At the Advances in Genome Biology and Technology conference in Marco Island, Fla., last week, Illumina highlighted new applications for its HiSeq and MiSeq sequencers that are enabled by technical improvements and provided some insights into the future development of the two platforms.
The company also featured the Moleculo long-read technology that it acquired last month (IS 1/8/2013) and previewed several sample-prep kits that it has in development.
A year ago, Illumina introduced the HiSeq 2500 and presented data at last year's AGBT showing that it could be used to sequence and analyze the genomes of newborns with life-threatening diseases of unknown origin within 50 hours (CSN 2/22/2012), using the instrument's rapid run mode.

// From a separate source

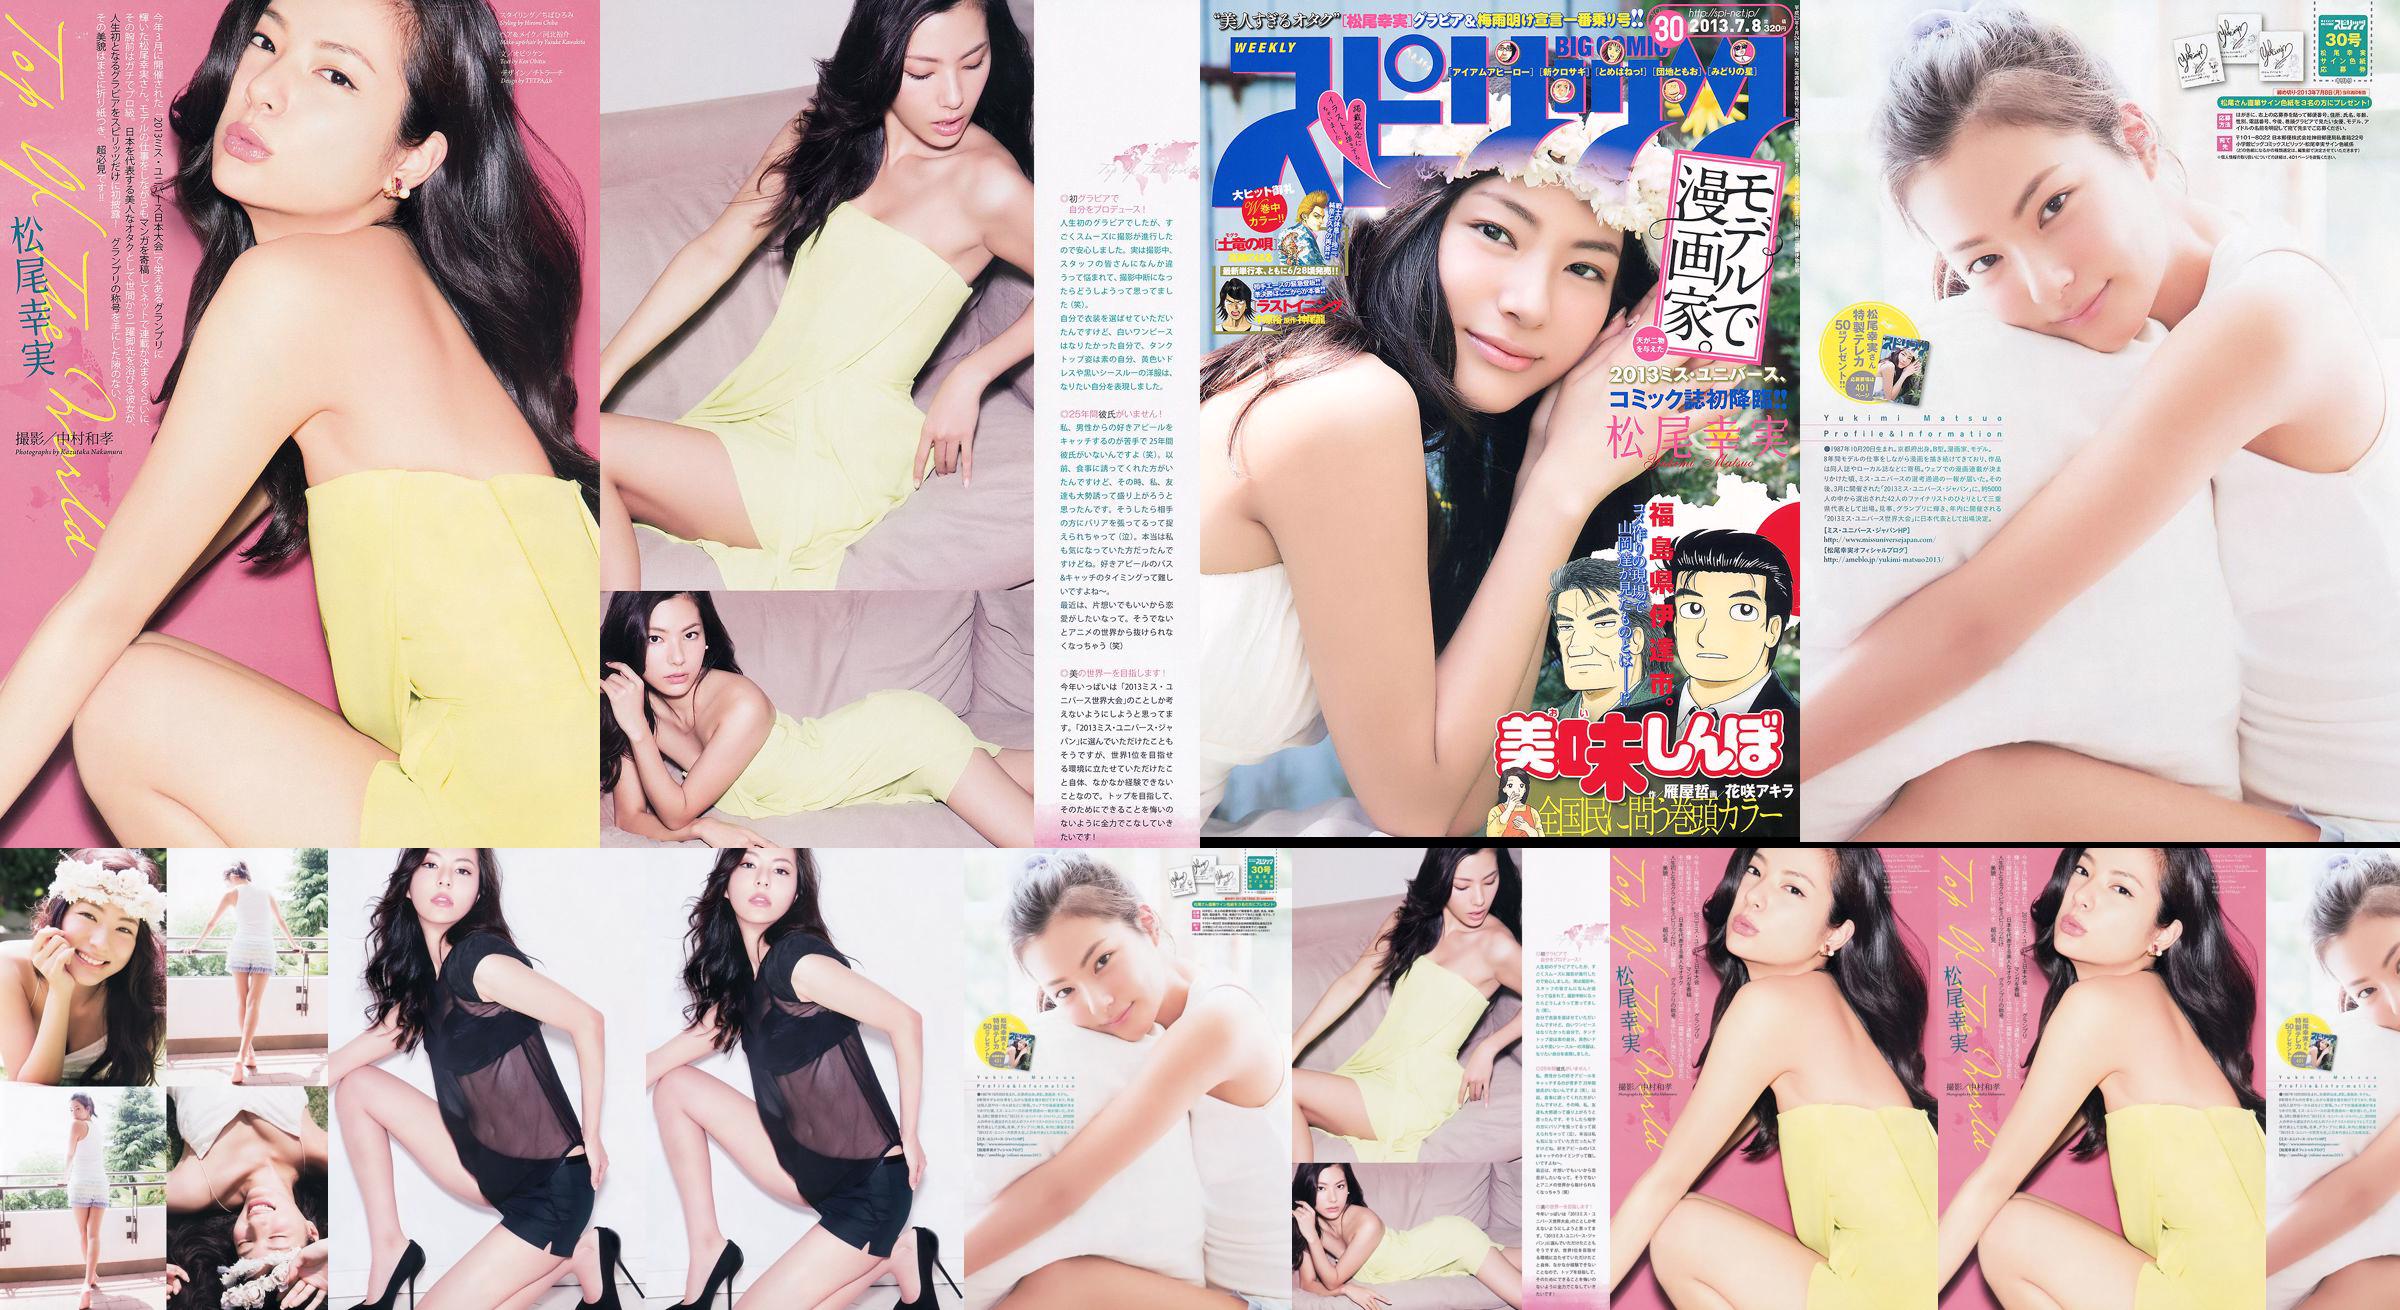 [Weekly Big Comic Spirits] Komi Matsuo 2013 No.30 Photo Magazine No.c4a65a Pagina 3

At this year's meeting, Illumina provided proof of principle that this timeline can be further reduced, generating results in less than 24 hours on the existing HiSeq 2500, including sample preparation, sequencing, alignment, and variant calling. "We think this is very significant and going to further drive the application of sequencing into the clinic," said Geoff Smith, Illumina's senior director of scientific research, during a company workshop.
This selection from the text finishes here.